4. Construire au brouillon un tableau : les arguments du metteur en scène et du comédien.
Séance 10 Évaluation
■ Objectif
• Mettre en œuvre les connaissances et les savoir-faire acquis.
■ Cette séance, pour conclure la séquence, sera consacrée à l’évaluation des élèves. On
pourra leur proposer le sujet d’écrit 1 : La scène d’aveu.
■ Commentaire
• Problématique : Quelles sont les fonctions de cette scène d’aveu tragique ?
• Proposition de plan
I. Une scène d’aveu cathartique : la libération de Phèdre par la parole
1. Avouer sa culpabilité pour rétablir la vérité sur Hippolyte
2. Avouer sa culpabilité pour se libérer du mensonge
3. Avouer pour diminuer sa responsabilité
II. Une scène d’aveu pathétique et tragique : émouvoir le spectateur
1. Phèdre meurt de ne pas avoir été comprise
2. Thésée, un père malheureux et éploré
3. Un dénouement qui inspire terreur et pitié
■ Dissertation
• Problématique : De quelles ressources le dramaturge dispose-t-il pour exprimer les
pensées et le caractère de ses personnages ?
• Proposition de plan
I. Les personnages, des êtres qui se dévoilent par la parole
1. Le personnage, un être expressif par son silence
2. Le personnage, un être expressif par le ton de sa voix, son rythme
II. Les personnages, des êtres qui peuvent aussi se dévoiler par leur corps
1. Le 1er corps du personnage : le costume indique sa condition, son âge, son état d’âme
2. Le 2e corps du personnage : le visage et le jeu avec le corps expriment ses émotions
III. Les personnages, des êtres qui se dévoilent par la mise en scène
1. Le rapprochement et l’éloignement avec les personnages expriment les idées du
personnage
2. La musique et les éclairages dévoilent les pensées des personnages
■ Écriture d’invention
• Recommandations d’écriture
1. Relire le texte de Phèdre. Le sujet invite à en écrire la suite. Il faut donc que
l’enchaînement soit cohérent et efficace.
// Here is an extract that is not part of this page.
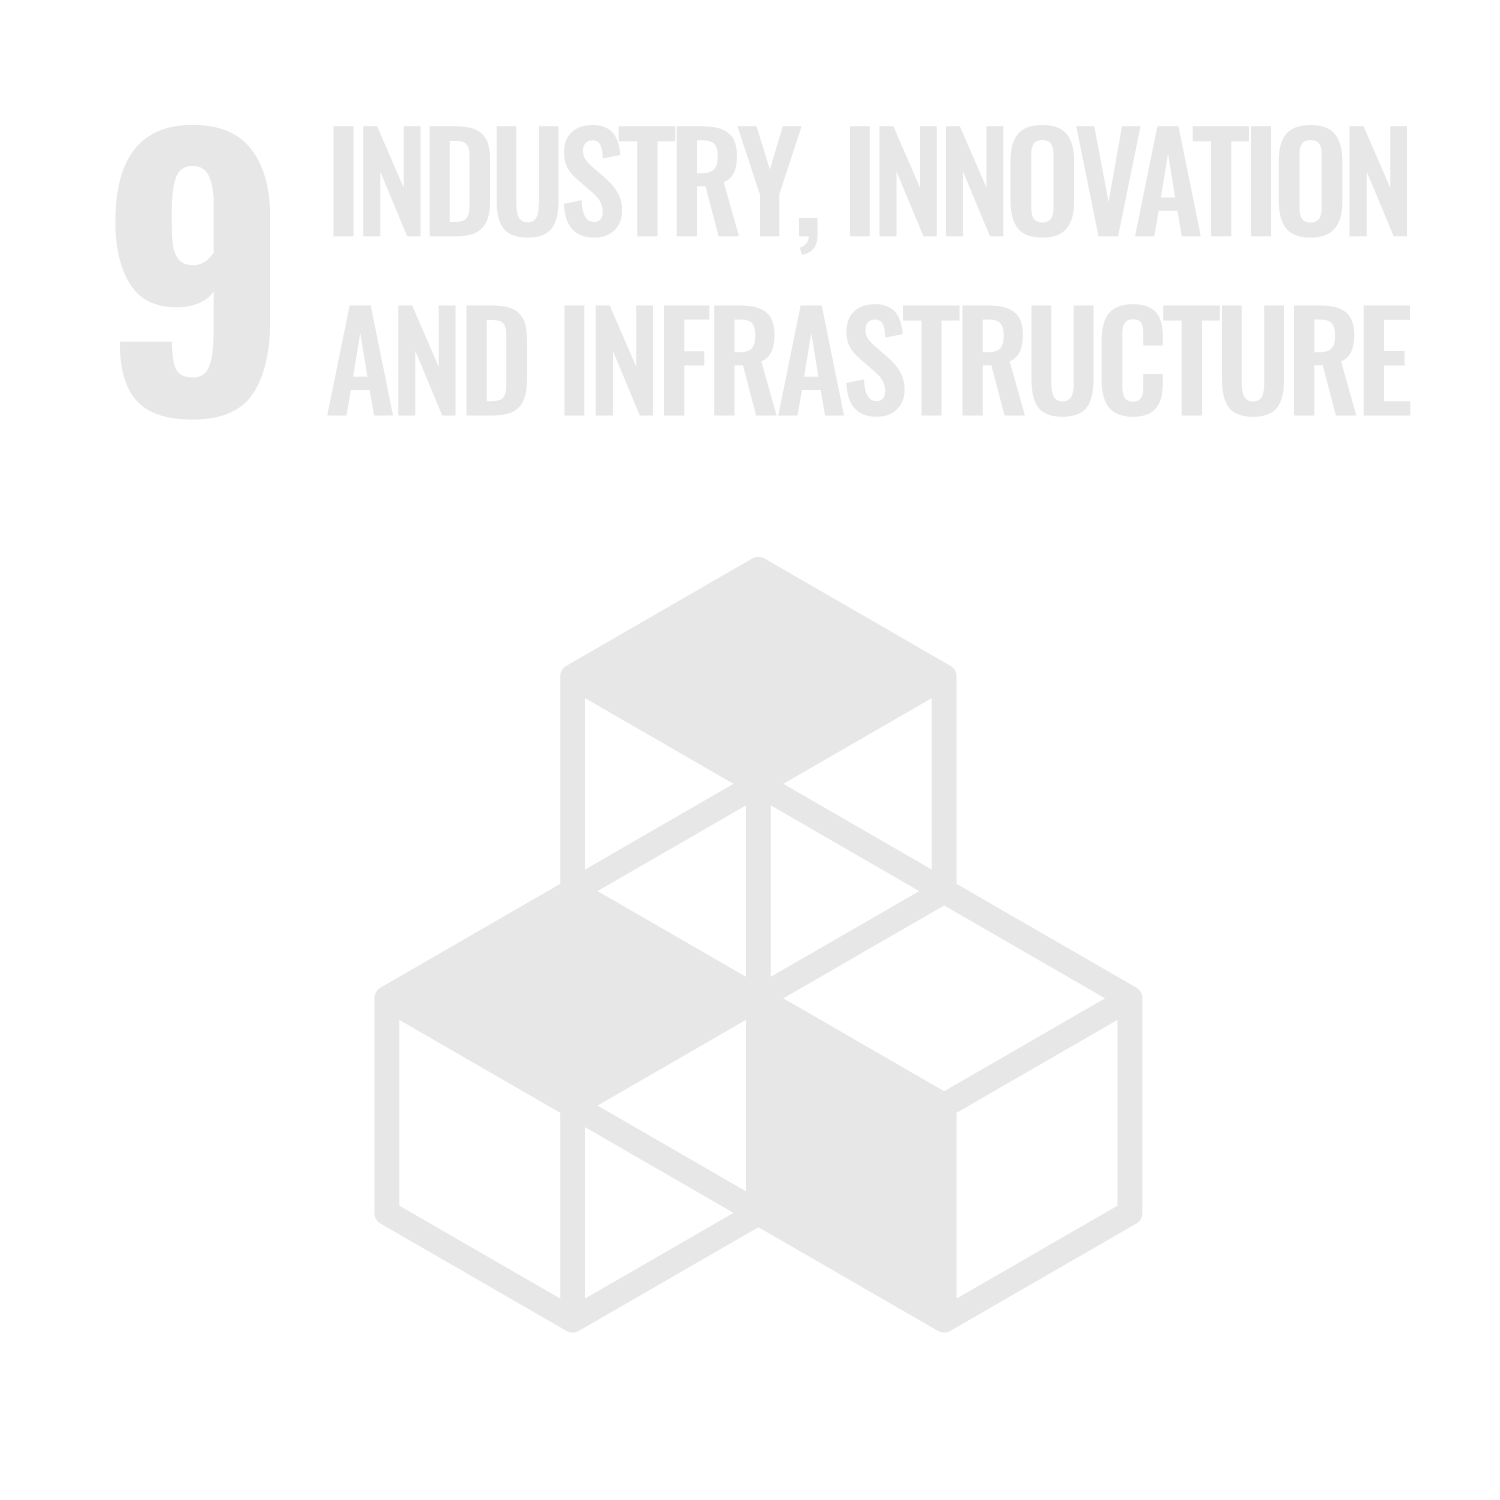 9 industry innovation and infrastructure

2. Respecter les contraintes du sujet : écrire une scène de théâtre (ne pas oublier les
didascalies), avec un texte dominé par le registre tragique (registre de langue soutenu,
expression de la souffrance, de l’effroi, de la colère, rappel du poids du destin…).
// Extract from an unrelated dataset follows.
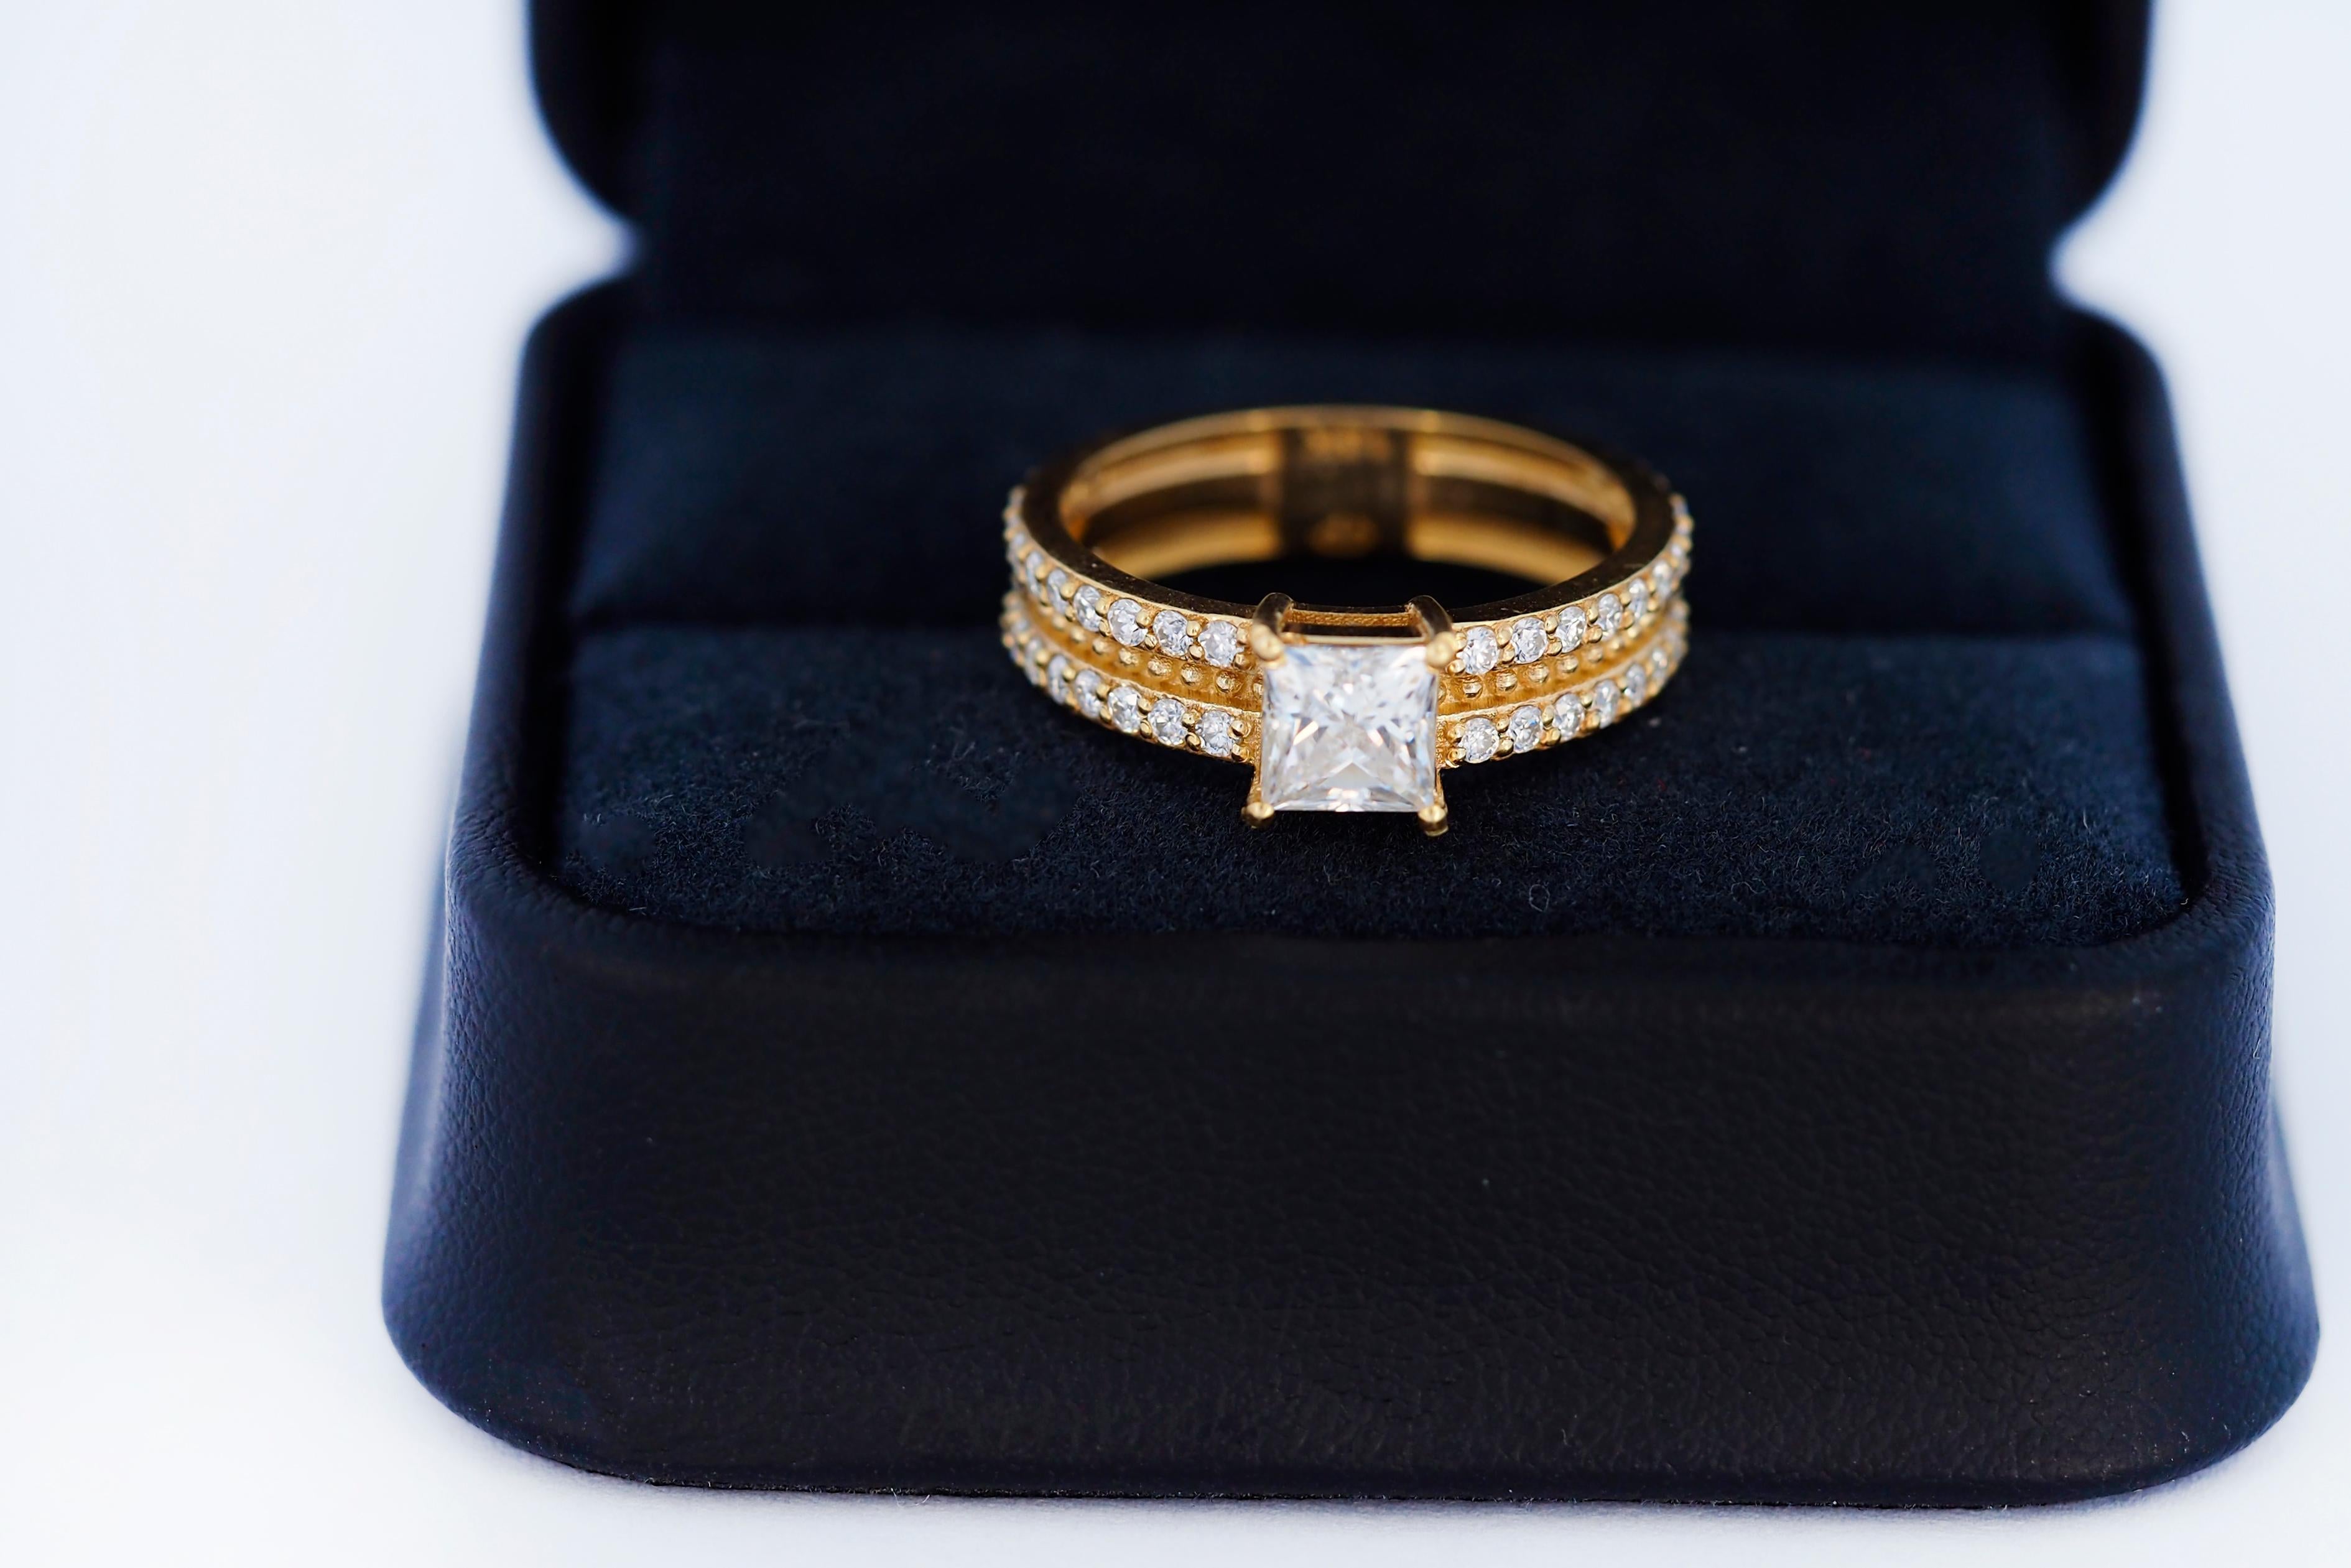 For Sale:  0.5 ct princess moissanite engagement ring in 14k gold.  3

3. Le sujet invite à considérer le point de vue de Thésée, père malheureux et époux
dévasté. Il exprime sa déception et sa colère contre Phèdre qui a sacrifié Hippolyte à sa
propre souffrance, en un style élevé, ponctué par l’émotion. Il exprime ses sentiments avec
force, en ménageant une progression dans le texte. L’élève n’est pas obligé d’écrire en
vers mais doit veiller à n’employer aucune expression anachronique.
■ Comme à l’entretien
1 Ces caractéristiques sont : la coexistence du grotesque et du sublime, du monstrueux et
du beau au sein de la même personne ; les ruptures de ton ; le décalage constant entre la
tragédie et le trivial du vaudeville.
2 On peut la rapprocher de la scène 3 de l’acte III, mêlant chants funèbres et amoureux des
amis de Gennaro.
3 On peut la rapprocher du mélodrame qui mêle aussi plusieurs registres et connaît
également la coexistence de plusieurs univers.
■ Comme à l’entretien
1 C’est un faux hasard : celui de la rencontre entre Lucrèce et Gennaro est préparé en
amont par Lucrèce. La mort de Gennaro qu’elle soit de la main de don Alphonse ou de
Lucrèce est scellée depuis la fin de l’acte I.
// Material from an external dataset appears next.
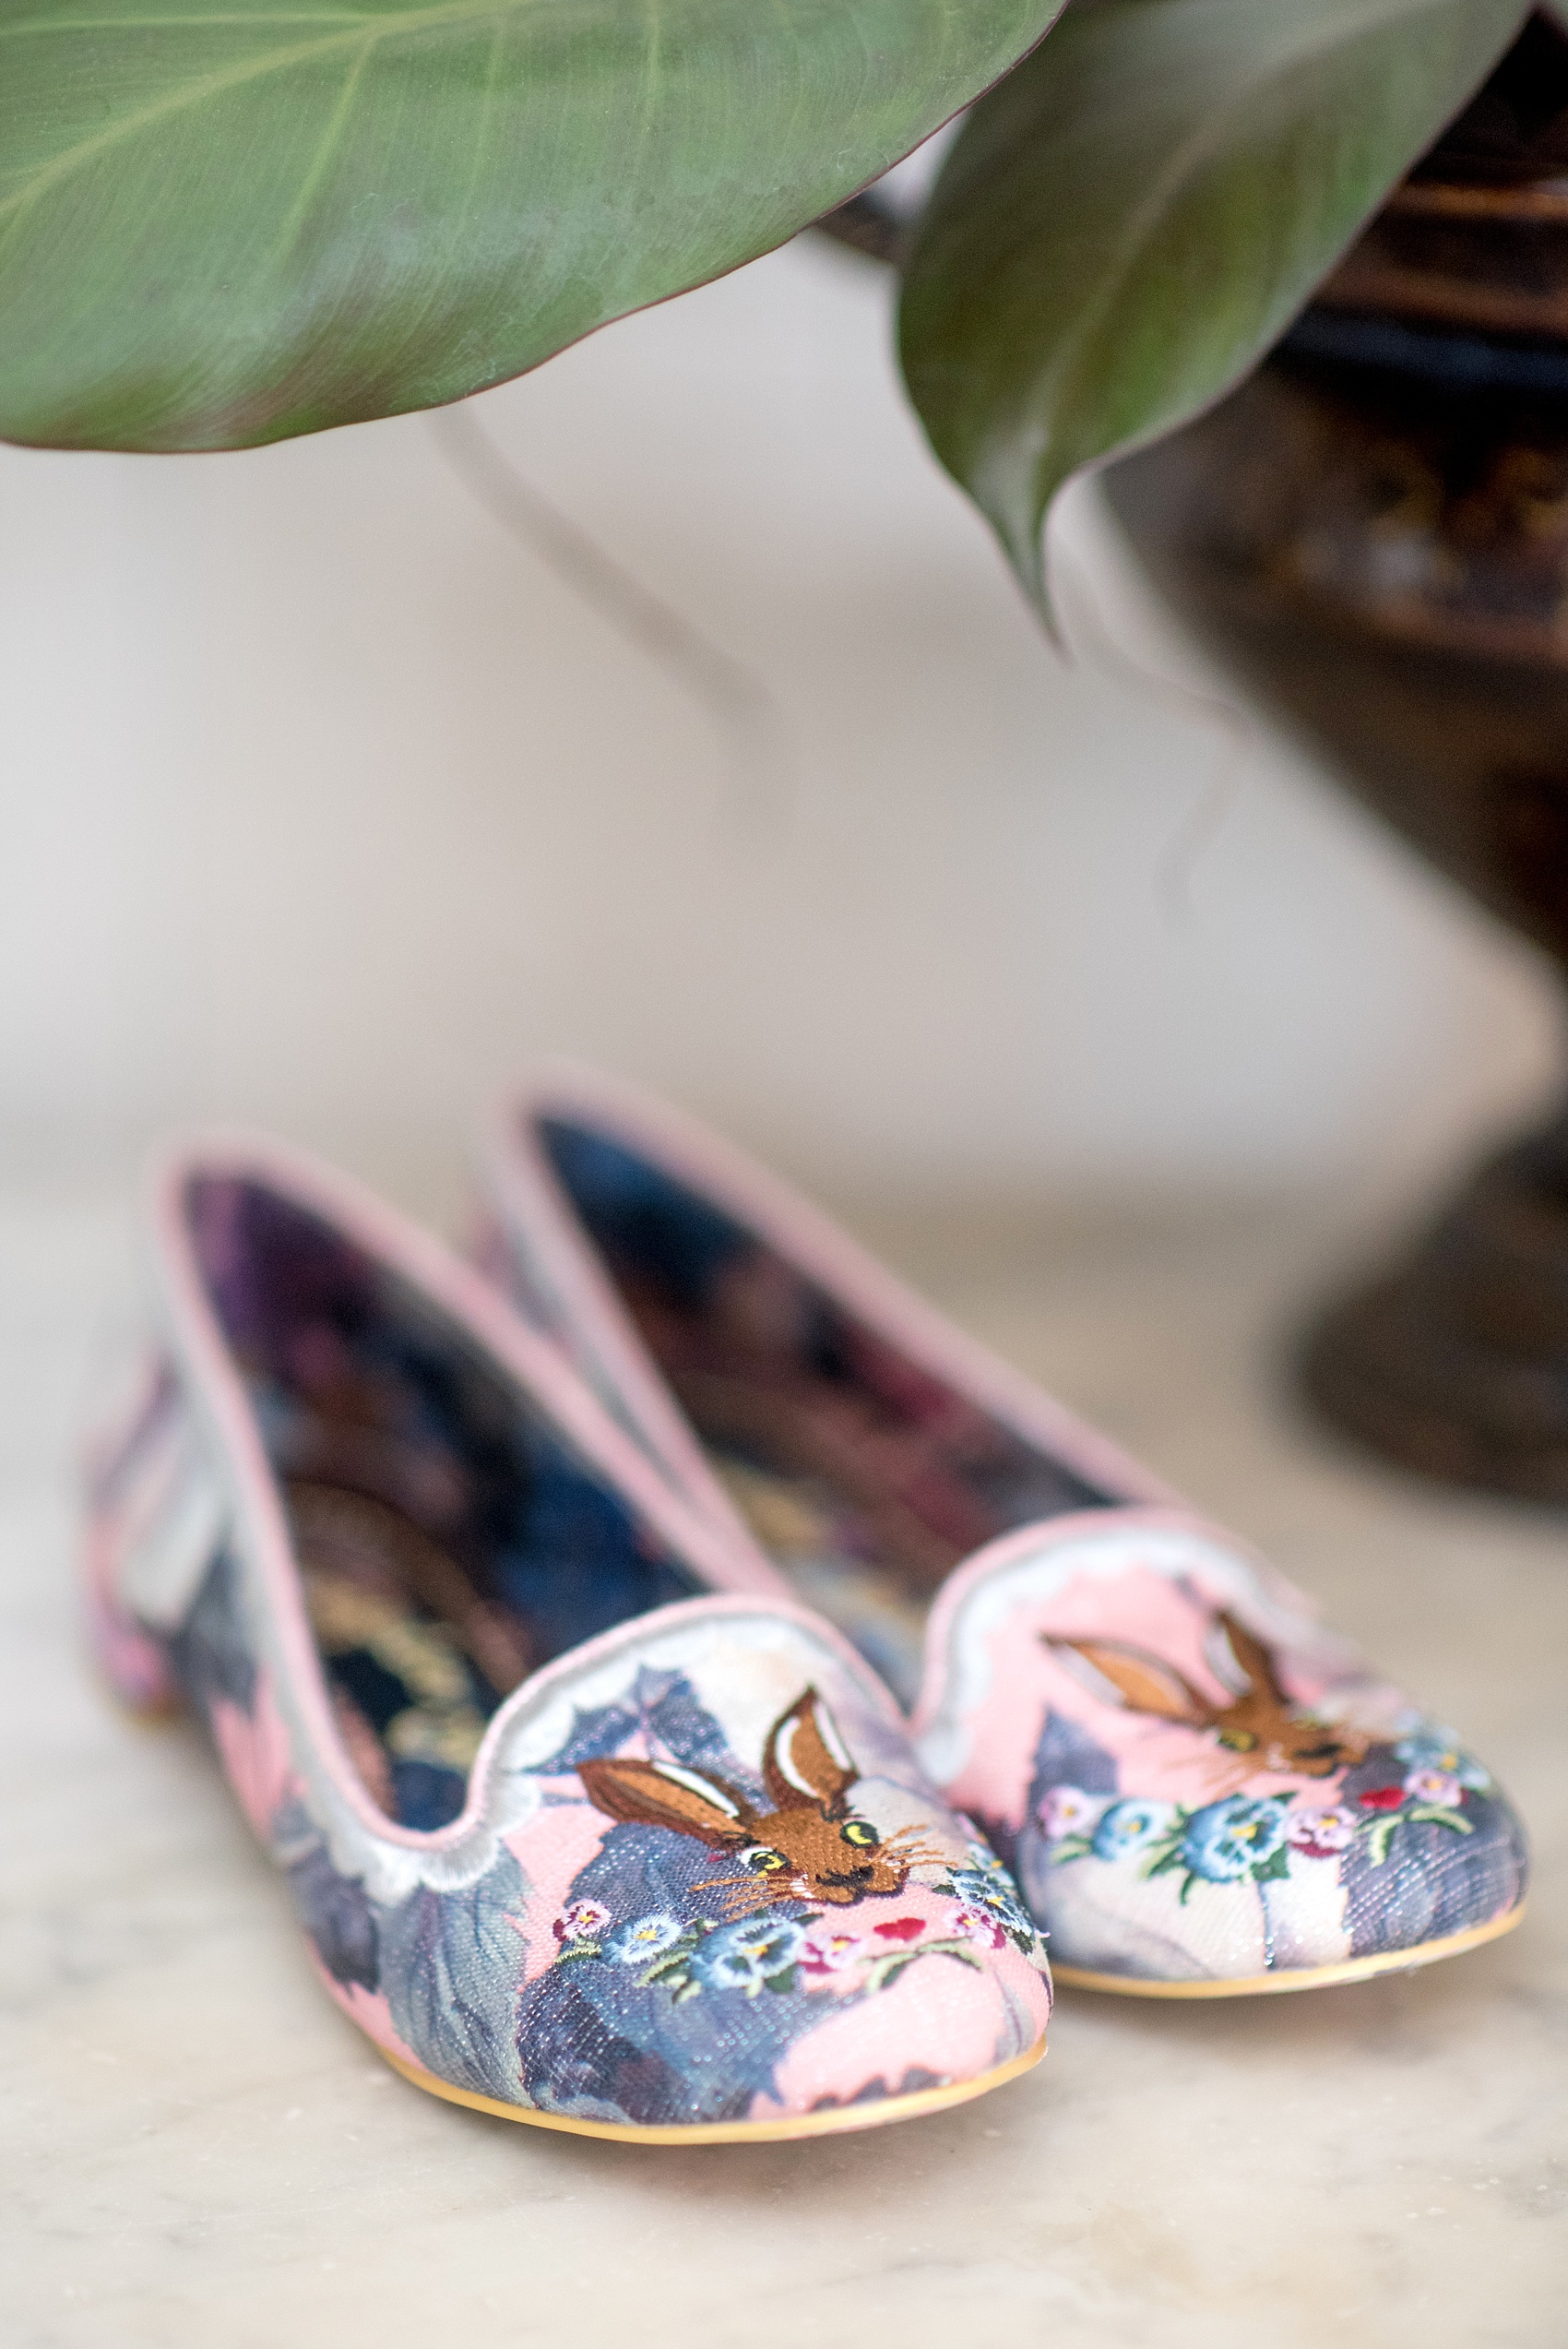 The Sutherland Wedding Photos by Mikkel Paige Photography. A detail picture of the bride's creative rabbit flat shoes.

2 Hugo reprend le tragique du XVIIe siècle mais sans faire appel à une divinité garante du
destin. Ici, le tragique est à hauteur d’homme, et le hasard est une de ses formes.
3. Non, ils ne sont pas libres. Don Alphonse doit se faire respecter, aux yeux du monde,
Lucrèce ne peut échapper à son clan et à la préservation de sa réputation. Gennaro ne
peut non plus vivre une vie simple, puisqu’il est aussi un Borgia. Même Maffio voit son
destin scellé avec celui de Gennaro avant la pièce. Les logiques familiales empêchent
l’homme d’être maître de son destin.